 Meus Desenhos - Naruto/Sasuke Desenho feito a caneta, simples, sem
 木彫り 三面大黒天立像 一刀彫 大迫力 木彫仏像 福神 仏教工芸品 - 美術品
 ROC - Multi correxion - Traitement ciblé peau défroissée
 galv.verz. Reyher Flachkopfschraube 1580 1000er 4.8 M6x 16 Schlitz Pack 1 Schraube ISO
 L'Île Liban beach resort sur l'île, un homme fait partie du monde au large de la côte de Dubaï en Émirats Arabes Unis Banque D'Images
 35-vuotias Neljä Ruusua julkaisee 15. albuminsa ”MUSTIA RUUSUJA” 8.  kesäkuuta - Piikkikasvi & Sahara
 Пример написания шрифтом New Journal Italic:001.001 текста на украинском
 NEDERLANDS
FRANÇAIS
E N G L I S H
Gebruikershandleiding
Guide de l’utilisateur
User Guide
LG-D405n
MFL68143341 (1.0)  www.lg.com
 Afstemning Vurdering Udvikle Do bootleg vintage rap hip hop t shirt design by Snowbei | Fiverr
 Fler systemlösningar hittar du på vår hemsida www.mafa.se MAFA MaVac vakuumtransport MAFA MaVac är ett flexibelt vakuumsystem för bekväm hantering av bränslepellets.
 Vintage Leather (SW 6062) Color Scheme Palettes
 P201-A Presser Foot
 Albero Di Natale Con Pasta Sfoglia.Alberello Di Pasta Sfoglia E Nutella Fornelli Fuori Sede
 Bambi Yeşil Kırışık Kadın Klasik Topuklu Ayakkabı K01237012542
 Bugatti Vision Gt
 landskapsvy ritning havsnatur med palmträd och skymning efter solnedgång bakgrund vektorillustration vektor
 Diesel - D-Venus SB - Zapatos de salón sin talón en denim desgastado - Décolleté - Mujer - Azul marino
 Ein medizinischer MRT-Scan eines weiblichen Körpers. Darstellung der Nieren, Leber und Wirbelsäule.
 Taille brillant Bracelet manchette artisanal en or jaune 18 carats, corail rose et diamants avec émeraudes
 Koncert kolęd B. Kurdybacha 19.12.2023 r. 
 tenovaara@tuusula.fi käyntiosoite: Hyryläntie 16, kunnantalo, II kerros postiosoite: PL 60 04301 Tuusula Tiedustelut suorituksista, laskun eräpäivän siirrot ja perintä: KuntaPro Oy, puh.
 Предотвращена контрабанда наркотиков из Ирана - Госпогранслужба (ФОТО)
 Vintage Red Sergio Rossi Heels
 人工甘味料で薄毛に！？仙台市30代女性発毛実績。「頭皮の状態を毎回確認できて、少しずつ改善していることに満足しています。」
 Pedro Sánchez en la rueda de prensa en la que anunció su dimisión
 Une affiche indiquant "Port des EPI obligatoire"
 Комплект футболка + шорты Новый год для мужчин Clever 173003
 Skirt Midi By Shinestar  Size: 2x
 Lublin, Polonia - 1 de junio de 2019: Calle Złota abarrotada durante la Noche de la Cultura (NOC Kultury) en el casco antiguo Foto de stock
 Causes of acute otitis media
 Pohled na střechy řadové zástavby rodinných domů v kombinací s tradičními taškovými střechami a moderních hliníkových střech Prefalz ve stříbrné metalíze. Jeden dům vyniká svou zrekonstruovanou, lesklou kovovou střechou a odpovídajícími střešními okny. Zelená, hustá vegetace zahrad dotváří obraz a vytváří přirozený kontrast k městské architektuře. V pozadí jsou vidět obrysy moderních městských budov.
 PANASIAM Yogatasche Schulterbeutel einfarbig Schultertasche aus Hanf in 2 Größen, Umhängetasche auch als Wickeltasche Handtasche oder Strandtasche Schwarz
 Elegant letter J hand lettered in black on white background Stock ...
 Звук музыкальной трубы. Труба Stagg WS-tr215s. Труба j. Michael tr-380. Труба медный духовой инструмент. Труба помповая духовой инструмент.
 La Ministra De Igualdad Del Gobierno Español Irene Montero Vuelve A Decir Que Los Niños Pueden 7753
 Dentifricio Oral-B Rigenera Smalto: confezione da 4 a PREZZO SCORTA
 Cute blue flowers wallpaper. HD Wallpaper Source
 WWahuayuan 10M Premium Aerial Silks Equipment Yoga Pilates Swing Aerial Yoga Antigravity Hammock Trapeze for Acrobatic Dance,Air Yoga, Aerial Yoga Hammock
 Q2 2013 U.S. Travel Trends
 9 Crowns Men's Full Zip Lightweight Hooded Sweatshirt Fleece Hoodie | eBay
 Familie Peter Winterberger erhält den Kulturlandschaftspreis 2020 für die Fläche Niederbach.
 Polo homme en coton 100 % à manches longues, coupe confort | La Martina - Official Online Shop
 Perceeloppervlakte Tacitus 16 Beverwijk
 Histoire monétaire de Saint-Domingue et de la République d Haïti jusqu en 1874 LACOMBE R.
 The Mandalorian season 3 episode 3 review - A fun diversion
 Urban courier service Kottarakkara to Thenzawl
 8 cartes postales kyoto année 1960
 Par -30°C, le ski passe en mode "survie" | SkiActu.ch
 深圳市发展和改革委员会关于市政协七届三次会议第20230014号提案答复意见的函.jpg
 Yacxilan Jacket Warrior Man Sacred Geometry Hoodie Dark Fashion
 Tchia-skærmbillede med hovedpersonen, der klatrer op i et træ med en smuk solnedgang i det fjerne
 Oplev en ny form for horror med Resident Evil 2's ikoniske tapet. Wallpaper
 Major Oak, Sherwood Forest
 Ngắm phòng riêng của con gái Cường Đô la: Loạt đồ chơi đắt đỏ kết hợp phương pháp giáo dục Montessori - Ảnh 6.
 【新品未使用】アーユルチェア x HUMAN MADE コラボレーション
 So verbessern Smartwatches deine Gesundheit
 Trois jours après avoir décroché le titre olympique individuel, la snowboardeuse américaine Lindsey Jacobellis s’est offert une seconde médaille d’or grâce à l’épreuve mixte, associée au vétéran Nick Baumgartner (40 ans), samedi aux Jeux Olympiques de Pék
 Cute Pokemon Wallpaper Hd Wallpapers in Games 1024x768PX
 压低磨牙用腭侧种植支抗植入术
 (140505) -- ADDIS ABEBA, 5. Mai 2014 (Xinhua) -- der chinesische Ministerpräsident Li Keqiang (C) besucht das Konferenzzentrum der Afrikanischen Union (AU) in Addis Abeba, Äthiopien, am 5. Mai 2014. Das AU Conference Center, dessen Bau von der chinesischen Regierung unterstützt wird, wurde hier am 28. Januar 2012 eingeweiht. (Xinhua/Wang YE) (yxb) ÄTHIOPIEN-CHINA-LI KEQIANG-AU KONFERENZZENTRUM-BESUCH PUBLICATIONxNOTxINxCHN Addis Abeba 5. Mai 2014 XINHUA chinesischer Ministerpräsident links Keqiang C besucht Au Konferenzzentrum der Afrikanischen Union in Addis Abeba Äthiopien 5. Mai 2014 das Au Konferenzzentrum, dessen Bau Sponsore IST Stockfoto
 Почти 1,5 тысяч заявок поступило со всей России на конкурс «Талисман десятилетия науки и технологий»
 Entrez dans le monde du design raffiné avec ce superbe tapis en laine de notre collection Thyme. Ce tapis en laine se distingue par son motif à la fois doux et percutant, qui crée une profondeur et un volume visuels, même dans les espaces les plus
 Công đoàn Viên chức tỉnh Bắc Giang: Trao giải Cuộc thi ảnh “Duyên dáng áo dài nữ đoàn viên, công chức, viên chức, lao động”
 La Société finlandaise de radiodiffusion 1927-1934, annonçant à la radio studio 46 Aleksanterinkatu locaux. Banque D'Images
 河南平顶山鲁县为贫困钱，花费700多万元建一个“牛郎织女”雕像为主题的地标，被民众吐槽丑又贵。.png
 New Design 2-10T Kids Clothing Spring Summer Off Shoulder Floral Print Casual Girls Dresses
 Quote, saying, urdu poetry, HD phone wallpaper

EXERCISE AIM >>
Print only these lines, exactly: the one containing "New Design 2-10T" and all after it to the end of the entries.

OUTPUT FOR THIS EXERCISE >>
 New Design 2-10T Kids Clothing Spring Summer Off Shoulder Floral Print Casual Girls Dresses
 Quote, saying, urdu poetry, HD phone wallpaper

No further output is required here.